William Forster Lloyd FRS (1795 – 2 June 1852) was a British writer on economics.
He was educated at Westminster School and Christ Church, Oxford, graduating BA in 1815 and MA in 1818.[1]
He was Greek Reader in 1823, Mathematical lecturer and Drummond Professor of Political Economy (1832–1837) at Christ Church, Oxford (successor to Nassau Senior).
He published several of his lectures. In his Two Lectures on the Checks to Population (1833) he introduced the concept of the overuse of a common by its commoners (i.e. those with rights of use and access to it), which was later to be developed by the ecologist Garrett Hardin and termed by Hardin "The Tragedy of the Commons". Lloyd observed that when a pastureland (a common) is available to all, cattle-owners have a short and long term interest in increasing the size of their herds. But, unchecked, the size of the herds on the common will sooner or later exceed its carrying capacity. The common will be run down by overgrazing, though it might still be capable of recovering under better management (unlike, say, fisheries driven to extinction by this mechanism). As this was seen in several cases, the observation applies to all commons under such arrangements - thus, The Tragedy of the Commons (plural). The argument was used by Lloyd to dispute Adam Smith's idea of the "invisible hand". Some modern economists argue that the problem can be "solved" by assigning private property rights to the field.

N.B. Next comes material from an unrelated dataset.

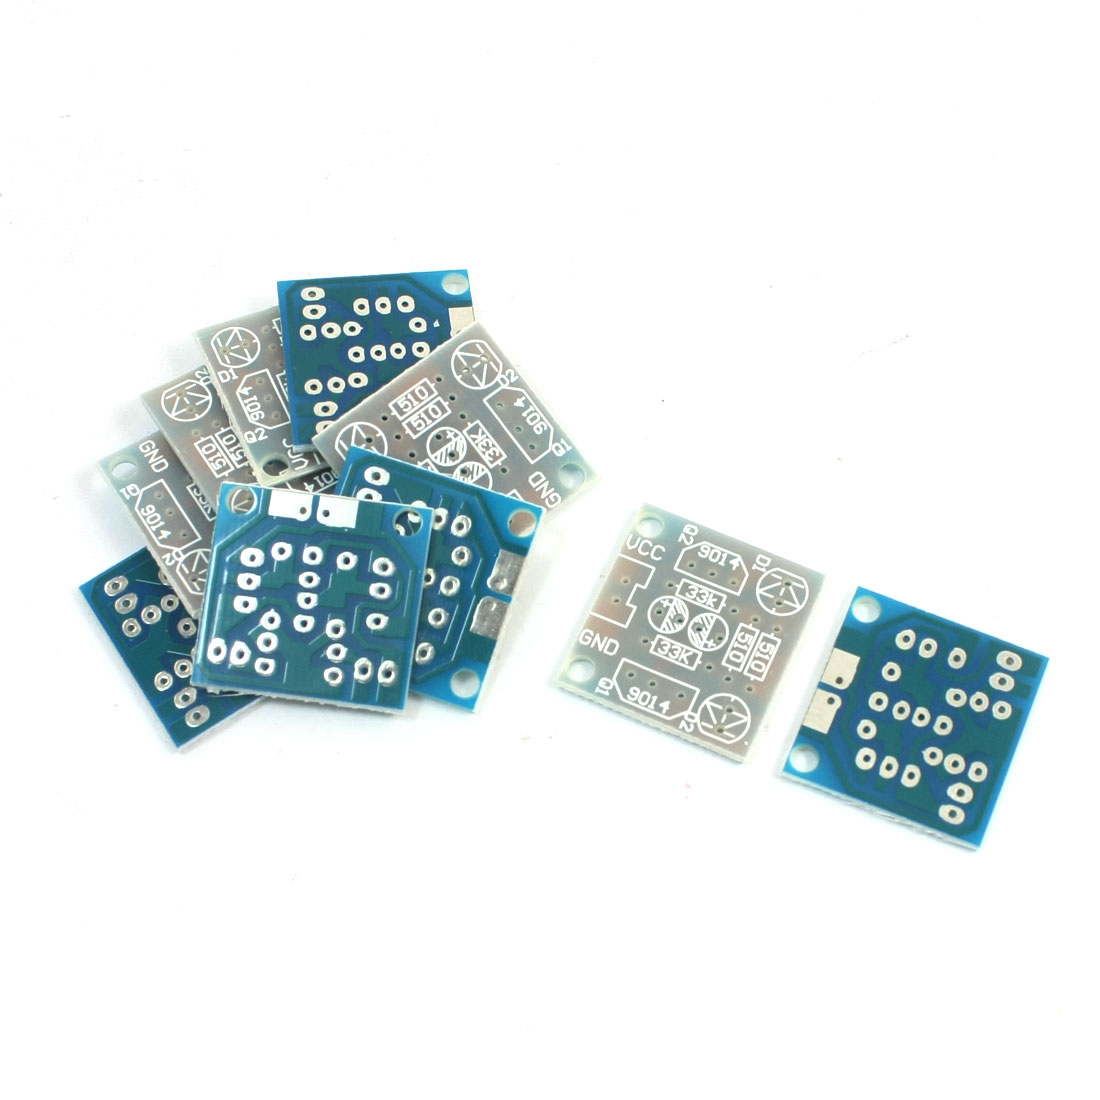 10 Pcs 5mm LED DIY Simple Flash Circuit Electronic Production Kits PCB Board

In his Lectures on Population, Value, Poor Laws and Rent (1837) he introduced a concise and complete statement of the concept of diminishing marginal utility, and connected demand to value, but he presents neither derivation nor elaboration. Still this contribution places him clearly in the ranks of the Oxford-Dublin school of proto-Marginalists.
He was elected a Fellow of the Royal Society in 1834. He died at Prestwood, Missenden, Buckinghamshire in 1852.